The Obama strategy is to weaken ISIS through the air bombardment, cut off supply routes and nullify their access to oil fields from which they derive their revenues. The presumption is that a ground force of indigenous Sunni from the region will develop combat readiness eventually to defeat ISIS on the ground. In the interim, what people fear is ISIS’s mounting capacity to detonate bombs in different parts of the world.
What would be a more potent strategy is for the five permanent members of the Security Council and the non-permanent members to pass a resolution to defeat ISIS. This would necessitate putting together a multi-national force to defeat ISIS and to begin to negotiate for the re-drawing of the map in the Middle East. This peacekeeping force and the five permanent members of the Security Council will have to determine the fate of Bashar al-Assad.

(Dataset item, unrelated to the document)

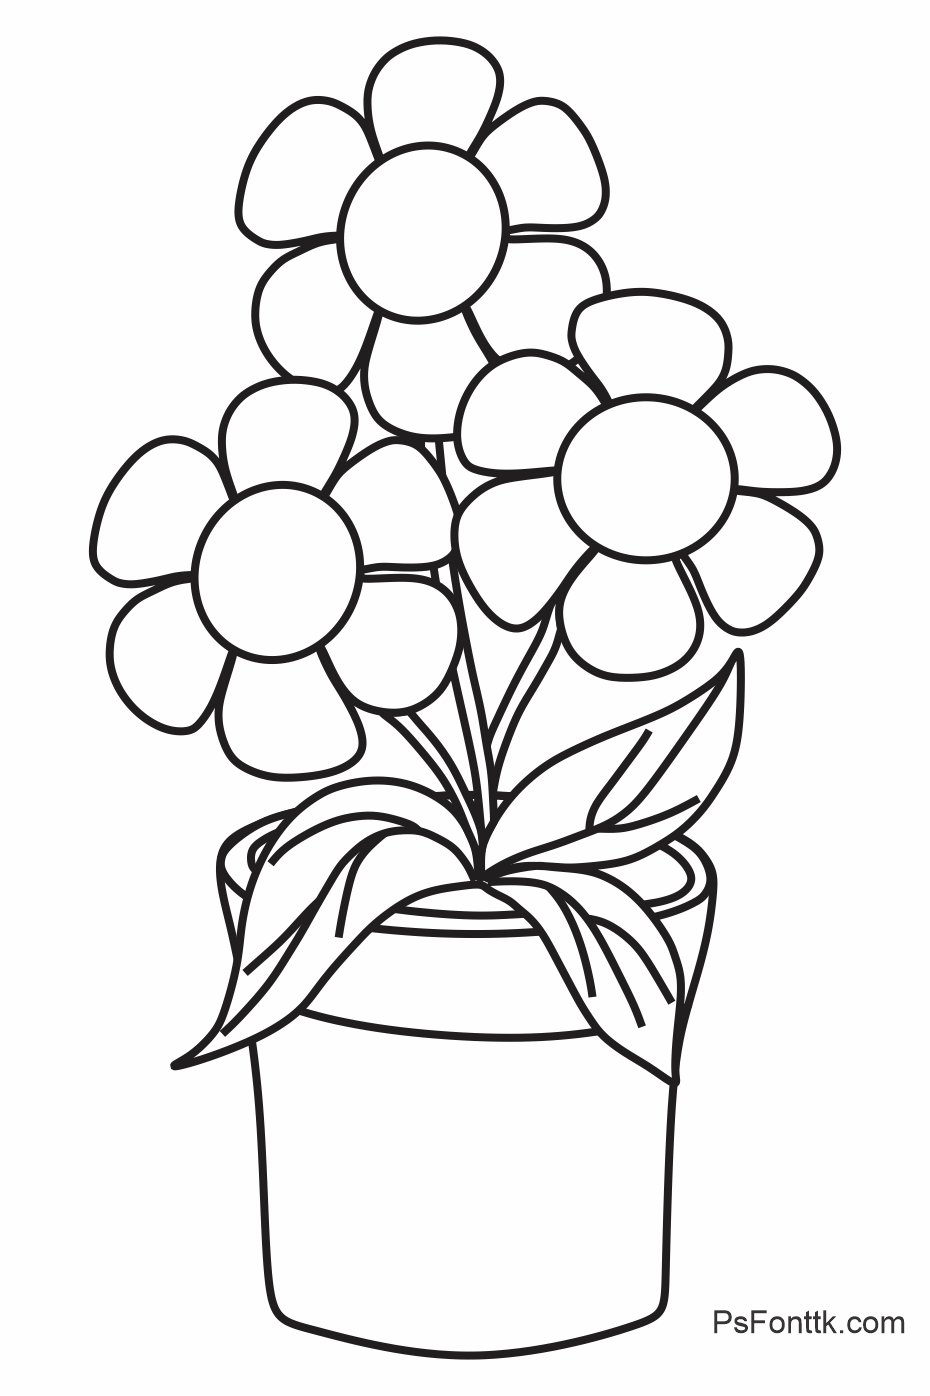 Flower Printable Coloring Pages - Psfont tk
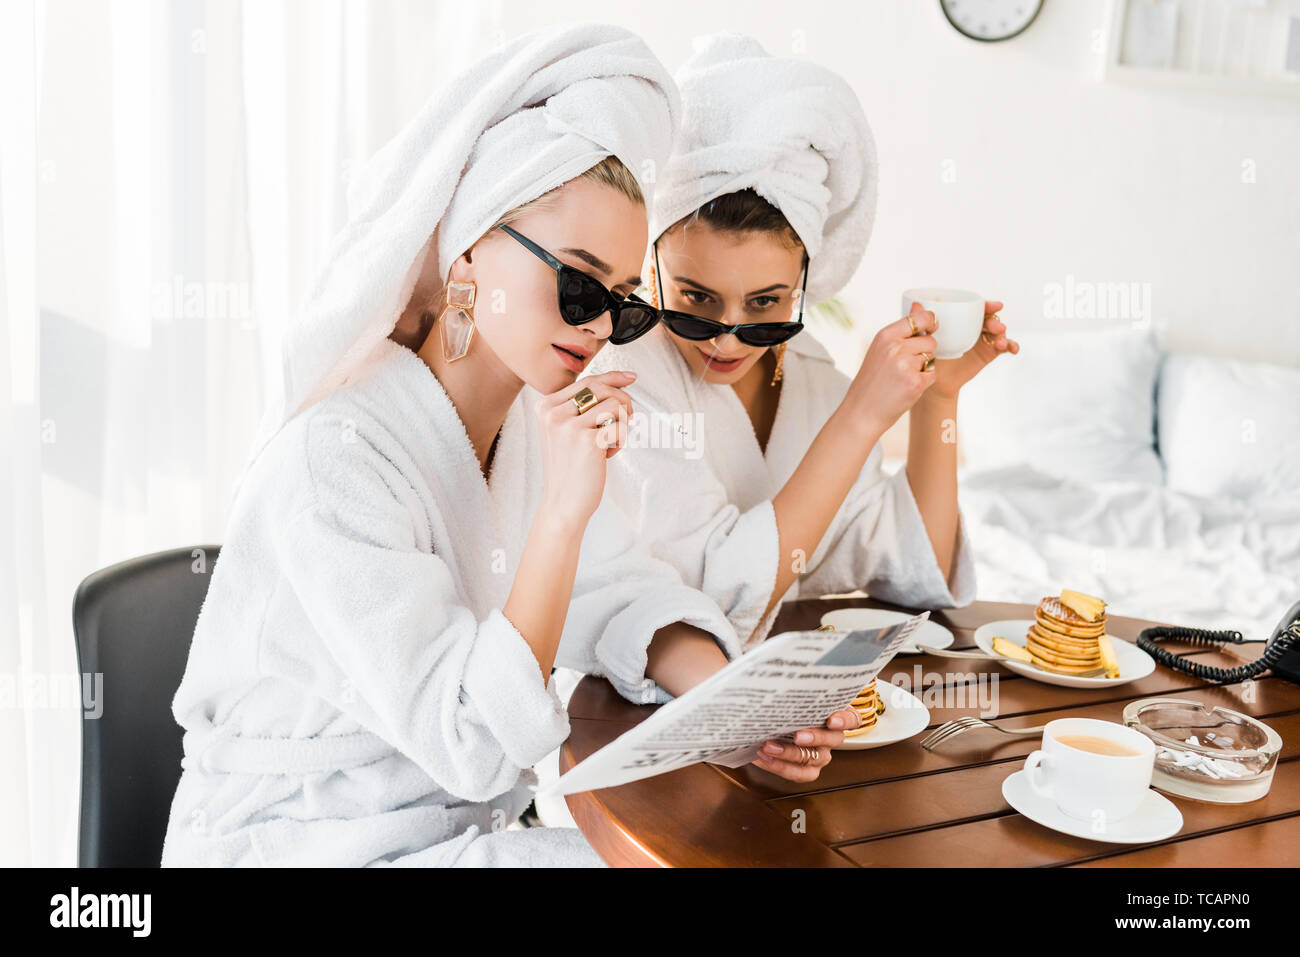 stylish women in bathrobes, sunglasses and jewelry with towels on heads smoking and reading newspaper while having breakfast Stock Photo

Any occupation of troops in Iraq or Syria should not be an American force but an international force sanctioned by the United Nations.
The ideology of ISIS will not evaporate with the collapse of the regime. That will take years but at least ISIS will be a non-state actor that is on the run and would not be an entity in control of territory. That would limit ISIS’s destructive capability.
The horror that took place in Paris on Friday, November 13 should not send Americans into a state of panic. In contemporary America, there is always a penchant for a quick fix. A quick fix would bring a sizeable quantity of American casualties and provide the opportunity for the ISIS propaganda machine to appeal to Sunni ultra-nationalism and make the case to fight the infidels in a new jihad.
The disaffected Muslims living in the belly of western civilization constitute a real threat and are in a position, as we witnessed in Paris, to create mayhem. The vast majority of Muslims in America are loyal to the Republic. They must create an ethos in their respective communities to make it nigh impossible for jihadists to fester.